The existence or nonexistence of a condition of dependency was a question of fact for the Industrial Accident Board (Herrick’s Case, 217 Mass. 111. McMahon’s Case, 229 Mass. 48, 50), the burden of proving dependency being on the claimant. Fierro’s Case, 223 Mass. 378, 380.

The case was heard on the testimony of the claimant *269which was found to be true. The findings may be summarized as follows: The employee lived in Holyoke. The claimant, who was twenty-two years old at the time of the accident, lived with his father. “Physically and mentally claimant was all right.” “He went through high school and part of a business school in Holyoke,” and finished school in 1924. In the early part of 1926 he worked six weeks in Holyoke and was laid off, and “that was all the work he did from the time he got through high school until his father died.” His mother died in 1913. He has an unmarried older sister who with the exception of a year after the mother’s death lived with an aunt in Springfield. The claimant lived with his father all the time after the mother’s death and the father paid for the claimant’s board and room and bought all of his clothes for a year before the accident. The claimant had no other means of support at that time and no money except what his father gave him. “He attempted to find work in. Holyoke from time to time but was unable to find anything that was satisfactory to him. He could have gotten some work but it was not what he liked.” The claimant “wanted to leave the city to find something to do because he could not find anything in Holyoke and his father urged him to remain with him for sentimental reasons and agreed to pay his board and room and furnished him with clothes in return for his presence with him.” “His father almost insisted on it.” The claimant is working now in Hartford, Connecticut.
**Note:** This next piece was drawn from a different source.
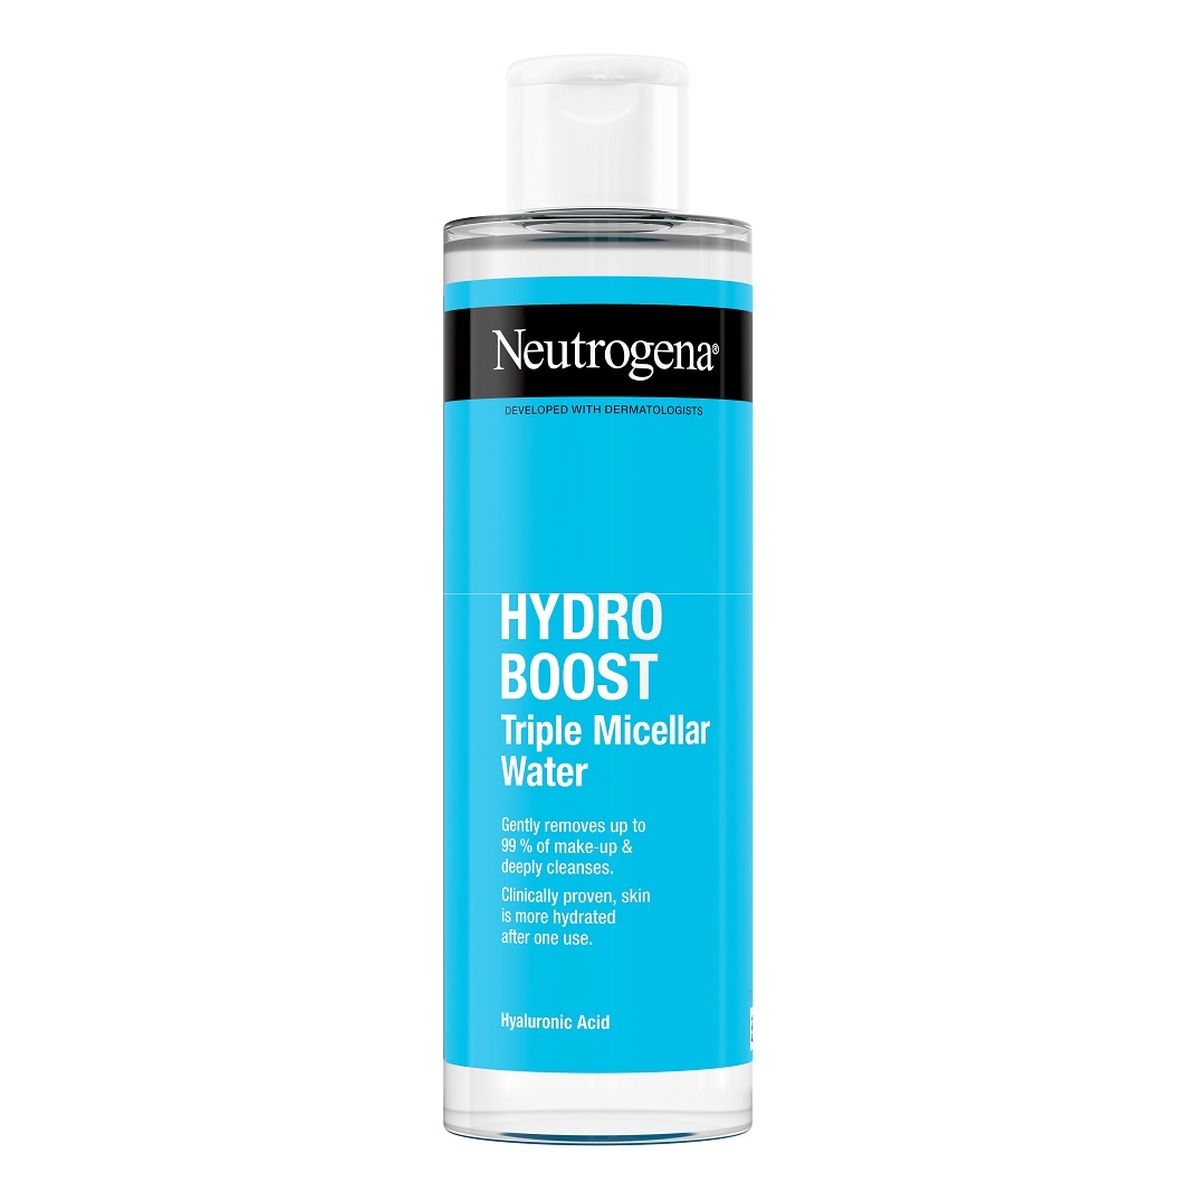 Neutrogena Hydro Boost nawadniająca Woda micelarna 3w1 400ml

Since the claimant, though a child of the employee, was over eighteen years of age and was not “physically or mentally incapacitated from earning” he was not “conclusively presumed” to be dependent upon his father for support. G. L. c. 152, § 32 (c). Whether he, as a member of the family, or next of kin of his father, was a “dependent,” within the meaning of the statutory definition of dependency, depends upon whether as a matter of fact he was “wholly or partly dependent upon the earnings of the employee for support at the time of the injury.” G. L. c. 152, § 1 (3); §32.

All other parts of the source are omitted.